Local woman needs new kidney
MIDDLEBURY — In the late stages of a rare kidney disease, Middlebury resident Alison (Allie) Walter has turned to the public to look for a donor.
For four years, Walter, 26, has been quietly treating her IgA Nephropathy, an autoimmune disease that is slowly causing her kidneys to fail. As a junior at St. Lawrence University in upstate New York, she began waking up with migraines and feeling chronic fatigue. School nurses dismissed her symptoms as stress.
After graduation, the symptoms worsened, and Walter was officially diagnosed with the disease she calls IgA. Her doctors estimate that, at the time of her diagnosis, the disease had lived inside of her for 20 years, largely without symptoms and completely untreated.

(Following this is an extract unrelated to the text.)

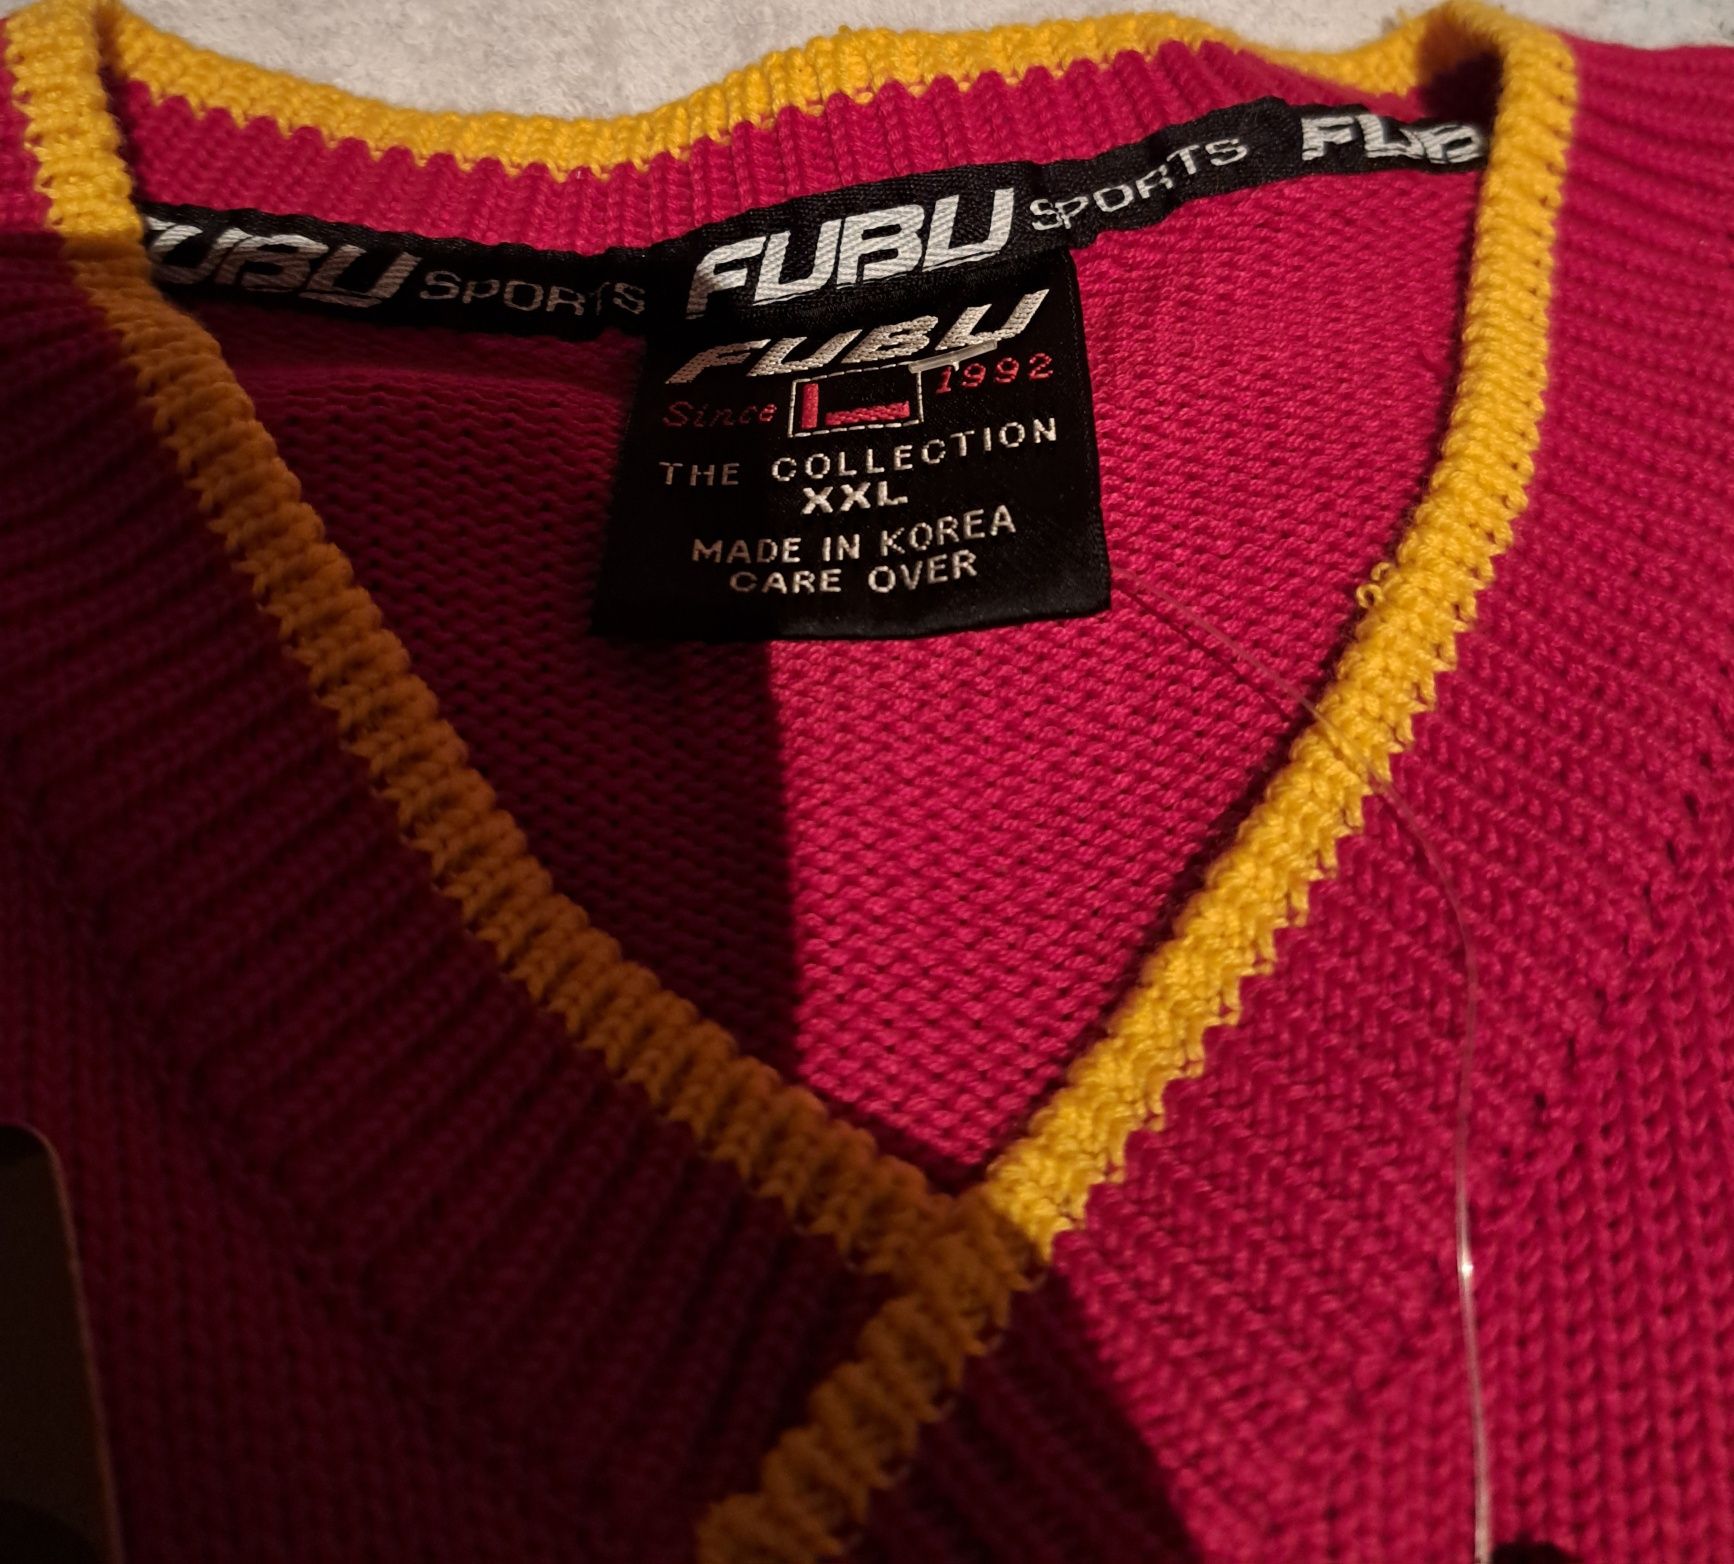 Super orginalny swetr męski " Fubu " The Collection unikatowy z USA

“I’ve been trying to be optimistic, because after the surgery’s done, I’m going to feel so much better and have so much energy,” Walter says. “But there’s some days where I just can’t believe this is something I have to go through.”
If Walter had learned about her IgA earlier, she could have started the steady regimen of immune-suppressants she’s now taking before the disease progressed, possibly avoiding the transplant altogether.
But her doctors at the University of Vermont Medical Center and the Mayo Clinic in Minnesota say it’s too late for that. In August, Walter’s kidney function fell into the 20th percentile.
“So basically, when you hit 20 percent kidney function, you’re low enough that you can start looking for a transplant,” Walter says.
Walter is looking for a donor with an O+ or O- blood type. This presents a challenge: though O blood types are the most common, types A and B can also accept donor blood types O+ and O-. The reverse is not true; those with O blood types can only receive blood and donor organs from other O donors.
“It limits the pool,” she says, “because everyone’s taking from O’s, but only O’s can get O’s.”
Because of this dilemma, Walter would face a five-year wait for a deceased donor kidney. “That’s way too long in my case,” she says.
According to the National Kidney Foundation, 100,000 people in the United States are seeking a kidney donation at any given time. Of those, 18,000 get transplants, but 4,000 die each year waiting.
Walter’s family members, though eager to donate, do not have matching blood types. Friends with O blood types have come forward, but have not passed initial medical screenings, and would not be cleared for surgery.
“It just hasn’t worked out,” Walter says.
Her family is working to organize a paired donation, in which a family member or friend would donate a kidney to another patient-in-need on behalf of Walter, and Walter would receive a kidney from one of this recipient’s friends or family members. These swaps can be tricky to pull together, though, and Walter wants to secure a kidney as soon as possible.
Walter’s mother, Ellen Walter, the owner of Blue Moon Clothing & Gifts in Brandon, recently posted on Facebook in hopes of finding a donor.
“I’m asking you to please, please consider giving Allie the gift of a healthy life,” she writes. The post has been shared more than 120 times, and has 40 comments from both well-wishers and possible donors who have promised to take a survey to find out if they are eligible.
“It’s amazing that there are so many generous people out there who are just like, ‘Oh, I’m O+, I’ll get evaluated,” Walter says. “It’s been so amazing having that support, especially because my family wants to be able to donate, but can’t, so it’s been really difficult for them. To have people who I don’t necessarily know very well who are willing to come forward is really incredible.”
For the donor, the surgery itself is relatively simple. It’s a low-risk, laparoscopic, ninety-minute procedure with a short recovery time. Walter’s insurance covers all of the donor’s expenses, including travel, the hotel and the procedure.
Donors almost always lead normal lives after surgery, though they are encouraged to avoid contact sports like football, wrestling and martial arts to protect their remaining kidney. According to the National Kidney Foundation, donation does not affect the lifespan of the donor or increase the risk of kidney failure.
Walter is looking forward to surgery, because she knows it will immediately relieve the symptoms that have been weighing on her for years.
“I don’t even remember what it’s like to have a normal kidney, and to have energy,” she says. “For the last four years, I’ve had to put my life on pause. I’ve been staying around home, and having to do a lot of medical stuff, so I’m looking forward to having surgery done so I can go back to school and all that.”
For the moment, Walter is staying positive, and is grateful to the community for all of the love, concern and effort it has already given her.
“You don’t really know how strong and important the community is until something like this happens,” she says.
Those who would like to consider donating can go to mayoclinic.org/livingdonor, and specify ‘Alison Walter’ as the recipient.